An interdisciplinary team of researchers at the Eli and Edythe Broad Center for Regenerative Medicine and Stem Cell Research at UCLA has developed a first-of-its-kind roadmap of how human skeletal muscle develops, including the formation of muscle stem cells.
The study, published May 11 in the peer-reviewed journal Cell Stem Cell, identified various cell types present in skeletal muscle tissues, from early embryonic development all the way to adulthood. Focusing on muscle progenitor cells, which contribute to muscle formation before birth, and muscle stem cells, which contribute to muscle formation after birth and to regeneration from injury throughout life, the group mapped out how the cells’ gene networks — which genes are active and inactive — change as the cells mature.
The roadmap is critical for researchers who aim to develop muscle stem cells in the lab that can be used in regenerative cell therapies for devastating muscle diseases, including muscular dystrophies, and sarcopenia, the age-related loss of muscle mass and strength.
“Muscle loss due to aging or disease is often the result of dysfunctional muscle stem cells,” said April Pyle, senior author of the paper and a member of the Broad Stem Cell Research Center. “This map identifies the precise gene networks present in muscle progenitor and stem cells across development, which is essential to developing methods to generate these cells in a dish to treat muscle disorders.”
Researchers in Pyle’s lab and others around the world already have the capacity to generate skeletal muscle cells from human pluripotent stem cells — cells that have the ability to self-renew and to develop into any cell type in the body. However, until now, they had no way of determining where these cells fall on the continuum of human development.
“We knew that the muscle cells we were making in the lab were not as functional as the fully matured muscle stem cells found in humans,” said Haibin Xi, first author of the new paper and an assistant project scientist in Pyle’s lab. “So we set out to generate this map as a reference that our lab and others can use to compare the genetic signatures of the cells we are creating to those of real human skeletal muscle tissue.”
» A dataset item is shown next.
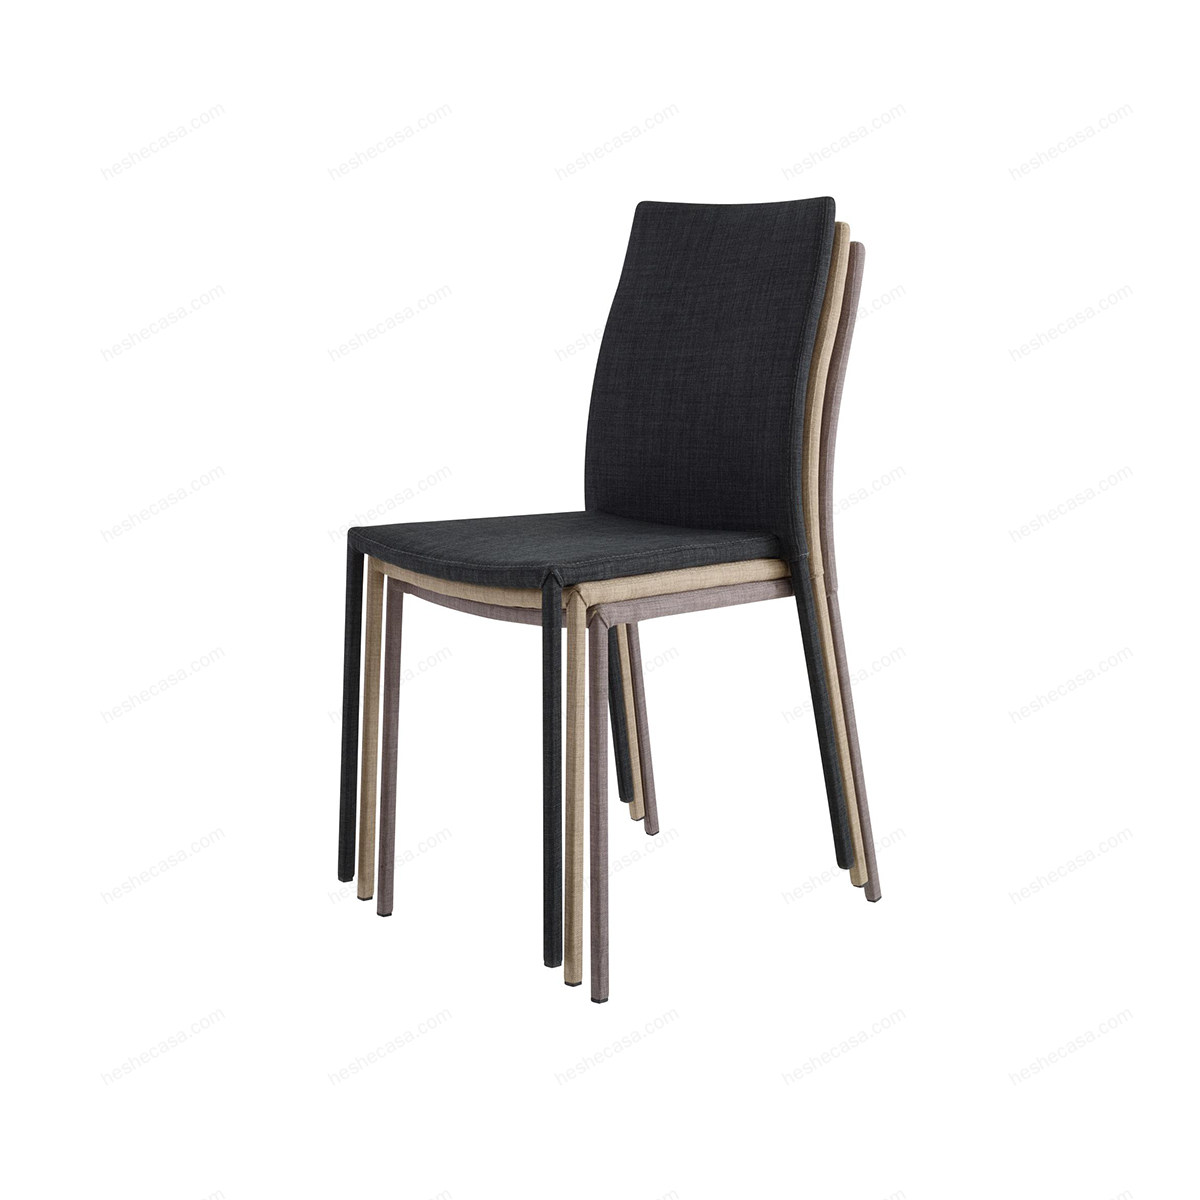 Slim-chair单椅

To create this resource, the group gathered highly specific data about two different groups of skeletal muscle cells: those from the human body, ranging from the fifth week of embryonic development to middle age, and those derived from human pluripotent stem cells the researchers generated in the lab. They then compared the genetic signatures of cells from both sources.
The group obtained 21 samples of human skeletal muscle tissue from their UCLA collaborators and from colleagues at the University of Southern California and the University of Tübingen in Germany. For the pluripotent stem cell–derived muscle cells, the group evaluated cells created using their own unique method and the methods of several other groups.
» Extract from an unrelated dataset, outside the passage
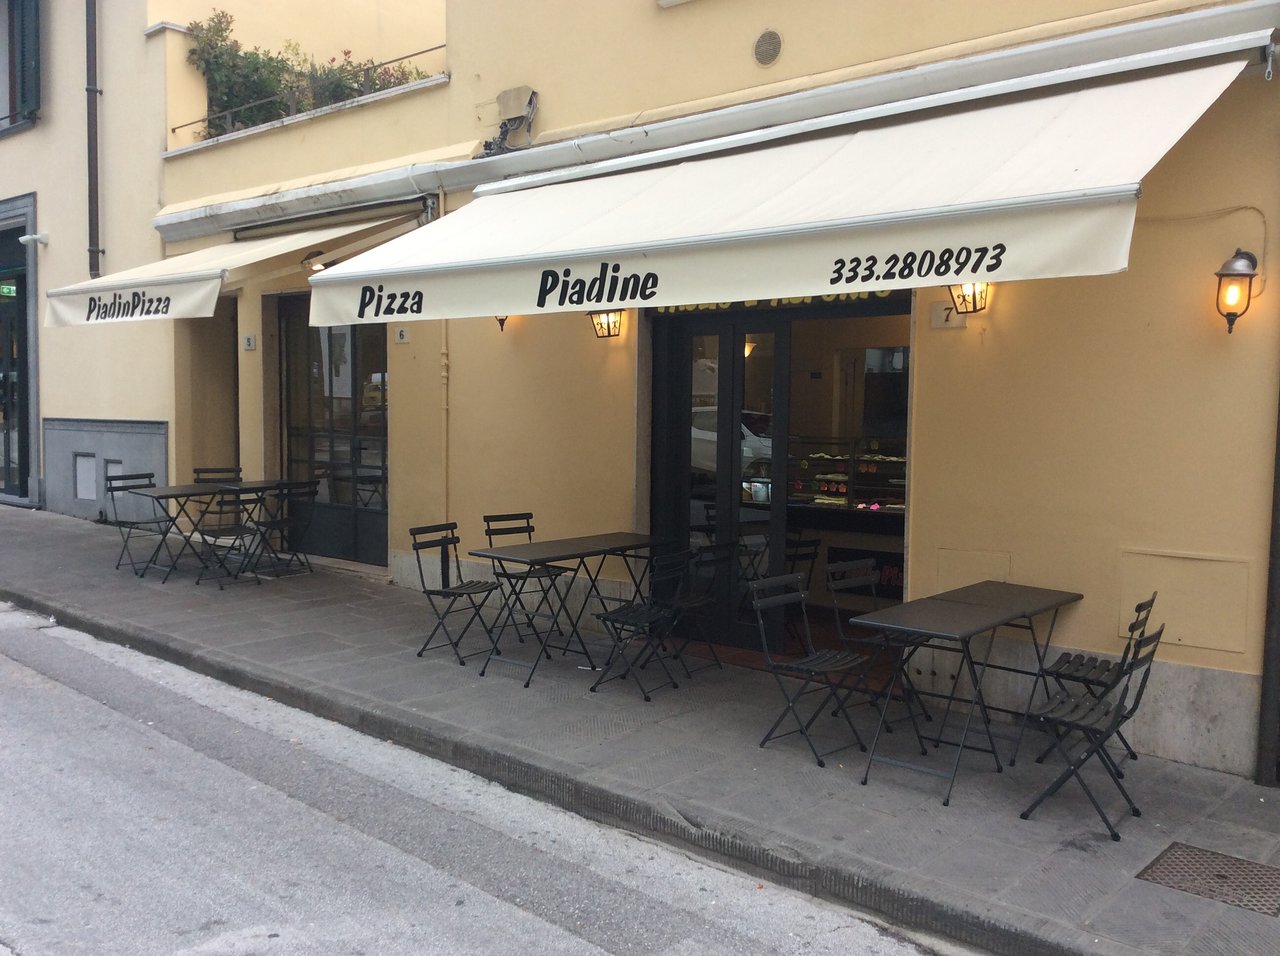 Piadinpizza, Pietrasanta

The Pyle lab collaborated with the lab of Kathrin Plath, a UCLA professor of biological chemistry and member of the Broad Stem Cell Research Center, to conduct high-throughput droplet-based single-cell RNA sequencing of all of the samples. This technology enables researchers to identify the gene networks present in a single cell and can process thousands of cells at the same time. Leveraging the power of this technology and the Plath lab’s bioinformatics expertise, the group identified the genetic signatures of various cell types from human tissues and pluripotent stem cells.
They next developed computational methods to focus on muscle progenitor and stem cells and mapped out their gene networks associated with every developmental stage. This enabled the group to match the genetic signatures found in the pluripotent stem cell–derived muscle cells with their corresponding locations on the map of human muscle development.
The group found that pluripotent stem cell–derived muscle cells produced by all the methods they tried resembled muscle progenitor cells at an early developmental state and did not align to adult muscle stem cells.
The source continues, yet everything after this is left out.